The view from the 82nd floor of
the South Tower in the World Trade Centre was dazzling as always. As Salam Ahmed, a transport analyst in the
Department of Transportation entered his office, he noticed how the early
morning sunlight bathed Manhattan, spread out in an even, faultless grid, in a
pale golden hue. “I was the first one
in that day. By 8: 45 a.m. the morning
coffee was brewed as people turned on their PCs and got to work,” he recalls.
His
voice shakes as he begins to describe the indescribable. “At 8:46 there was a
tremendous boom. It sounded like a bomb
going off. The entire building swayed and shuddered.”
When
hit by very strong winds or a storm, the Towers would sway a couple of
degrees. Salam estimates that after the
blast the swing must have been between 20 to 30 degrees. “I instinctively knew that something was
very wrong.”
His
boss got down on the floor as Salam looked out of the window. “In that fraction
of a second I saw in free fall what looked like human body parts, pieces of an
aeroplane, paper, debris.” He knew it was time to get out of the building.
He
was not alone in thinking so. Most of
the staff made their way to the 78th floor where they hoped the 10 express
elevators would take them down to the street level.
When
they got there, however, around 300 people were already in line for the
elevator. Salam and the others would
have to wait. Incredibly there was no
pushing, no shoving, no panic at all.
“We did not know what was happening” says Salam. “We knew a plane had crashed into the tower,
but no one knew the details.” Security
personnel at the scene assured the crowd that it was safe to go back to their
seats. Many, who did not welcome the
wait for the elevator or the prospect of a strenuous climb down 78 floors,
turned back.
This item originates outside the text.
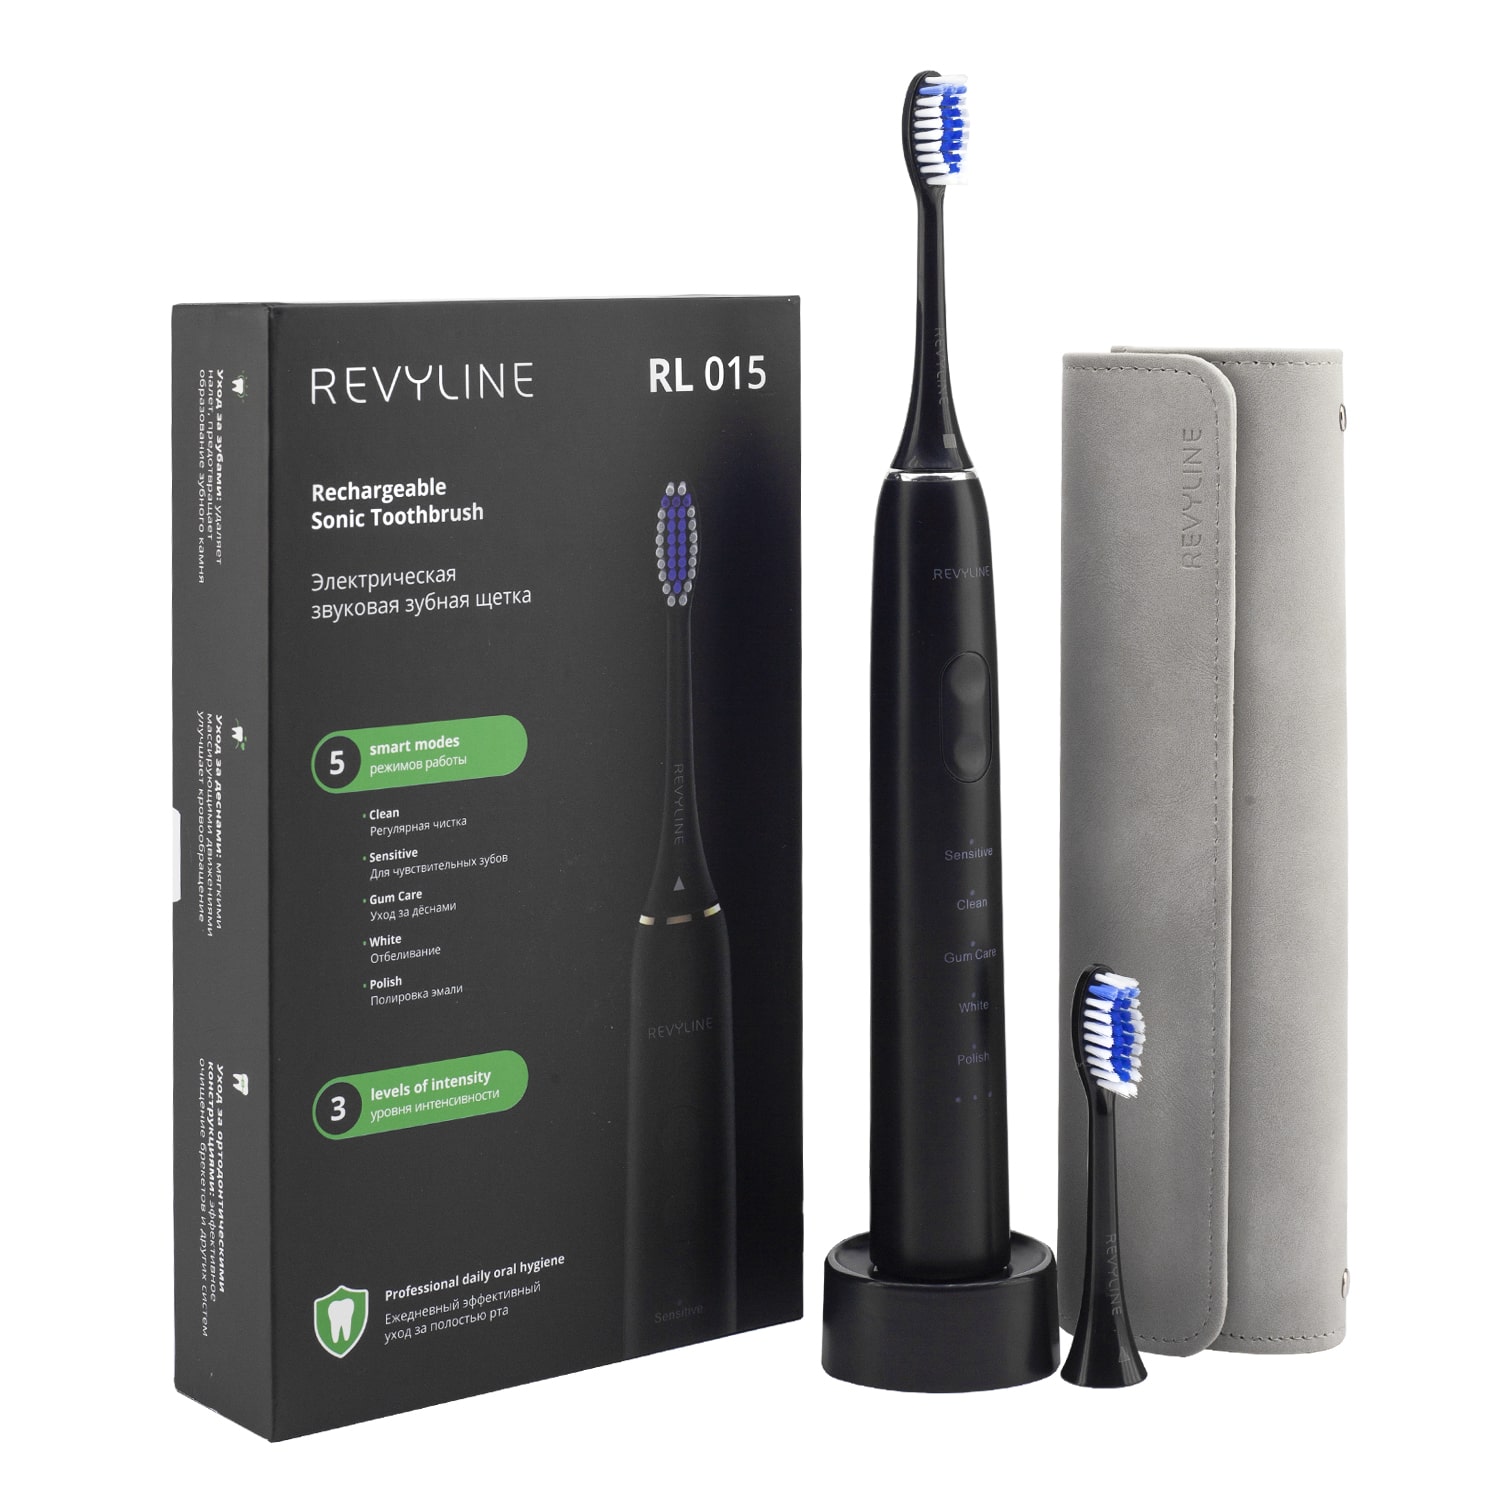 REVYLINE Электрическая звуковая зубная щетка RL 015, черная, 1 шт (REVYLINE, Электрические зубные щетки) электрическая зубная щетка звуковая revyline rl 015 1 шт
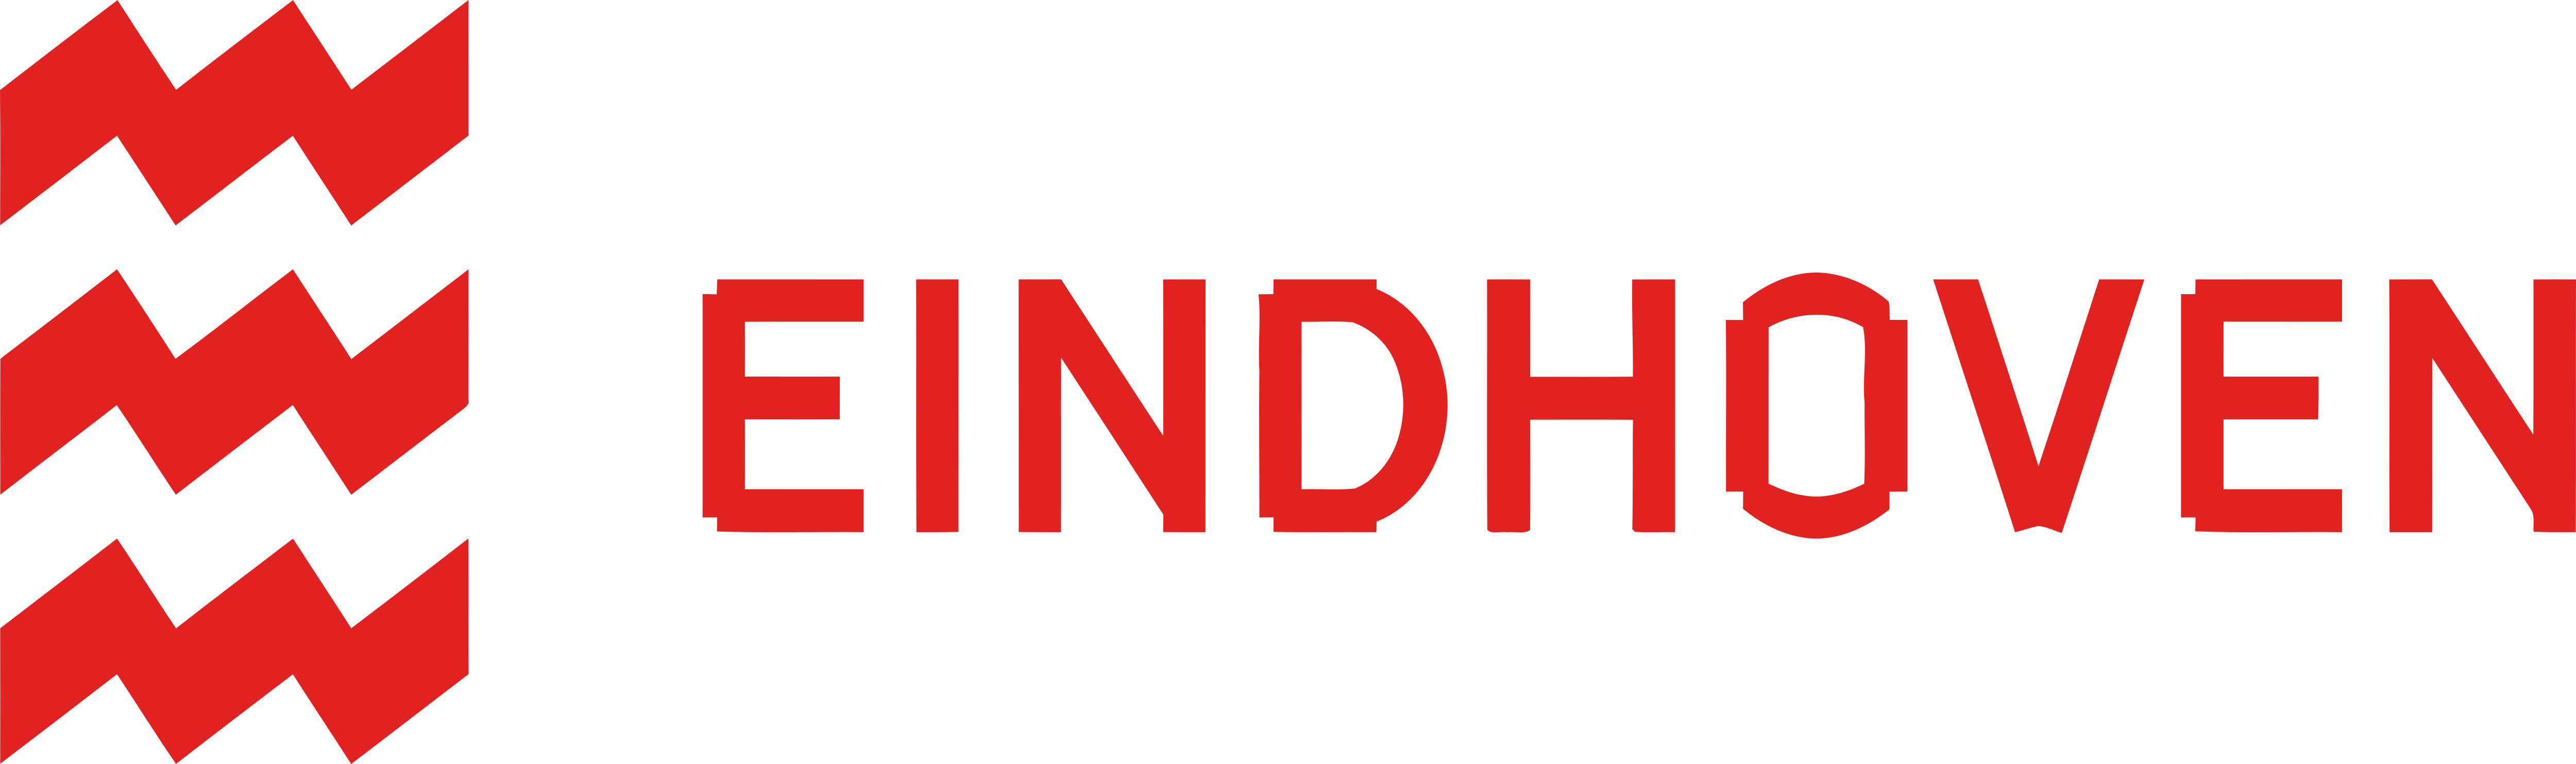 Eindhoven_Logo

After all, the architects had
designed the Twin Towers to withstand even the impact of a crash by a 707
plane.
Salam
and his co-workers decided to walk. It
was a decision that would ultimately save their lives. A couple of floors down, the smell of
burning and smoke filled the stairway.
“Our eyes began to water. As we
descended further, we saw injured people in blood-splattered clothes thronging
the staircases. There were some whose
limbs were on fire.” At every level,
more people joined the descending queue.
There was still no jostling. The
crowd split into two, the slow-moving staying to the right. Salam says admiringly, “People were very
caring throughout. Volunteers helped the disabled, the old and the infirm.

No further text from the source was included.